22 thoughts on “Three Poems by Rosemerry Wahtola Trommer

  1. Thank you for sharing these poems Rosemerry. I did not realize we were kindred spirits in this way, but your words resonate so well with me today. My son, Michael’s birthday was the 9th, so I feel his presence heavy with me now. Sending blessings to warm your heart as the sun warms your face. ❤️

    1. Oh dear Kaye, thank you for sharing with me about Michael’s recent birthday. Thank you for the blessings, for the warmth. I am sending love and blessings and warmth to you, too, friend. ❤️

  2. Rosemerry, dear, thank you for these exquisite poems, full of love and wisdom. May the Great Spirit be with you as you are with others. Wish I could hug you! HOL Sally

    1. Oh Sally, thank you.

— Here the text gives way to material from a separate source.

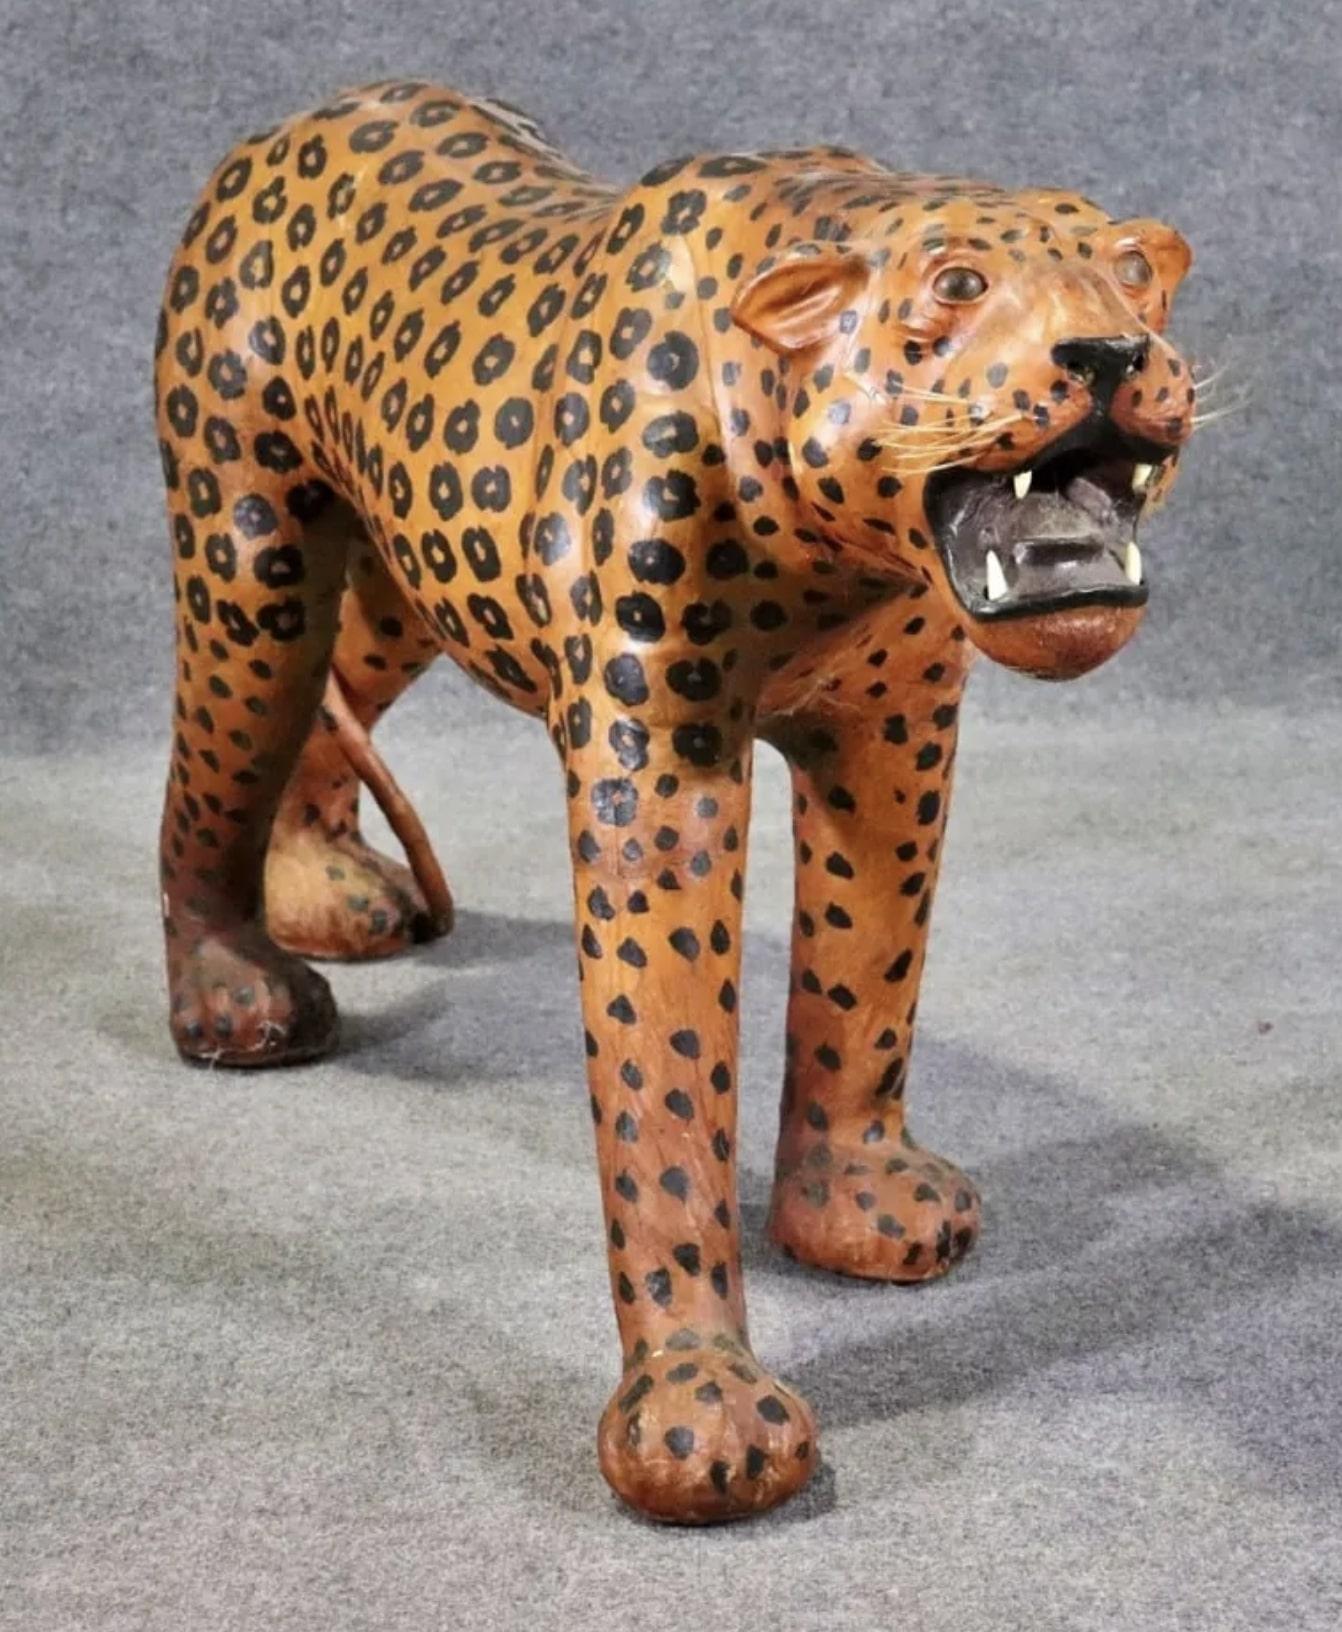 Beautiful standing leopard sculpture in leather. Painted with an orange and black spotted pattern. Great detailing to face and teeth.
Please confirm location NY or NJ

Thank you for your hugs that I received through the ether–thank you for all the support and and love you have shared with me for so long. HOL, Rosemerry

  3. Oh Rosemerry, each poem leaves me stunned by the courage and beauty of grief, my heart a bit more opened. Thank you for sharing the memories of your precious son and your journey with us. I’m sending you a bouquet of love.

    1. Thank you for the bouquet of love, Karly. I receive it with enormous gratitude, especially knowing just how intimately you know deep grief. Big love to you, friend.

  4. Your poems are beautiful and each time I read one, I am amazed that you are able to turn your grief into a thing of beauty. Wishing you continued healing – Carol Ruth

    1. Carol, thank you. Thank you for your words, for your healing wishes. I can tell you they matter, they matter, they matter. I am so grateful for the love and good energy from others that has not only buoyed me, but transformed me. Sending you hugs.

  5. Oh, how I open again and again with your written word. Thank you for sharing your tender heart with us, for showing us how to bring pain and beauty to form, how to keep going, step by step, word by word. Sending you love and continued healing.

    1. Thank you dear McKenzie. Oh friend. I have been thinking about you and wondering about you and those babies and your heart and more. Thank you for the love and healing thoughts. I am so grateful for you.

  6. Rosemerry and her poetry makes my life more bearable, more worth living. I return to her poems time and time over and over again and again, repeatedly. At least one of them continues saving my life.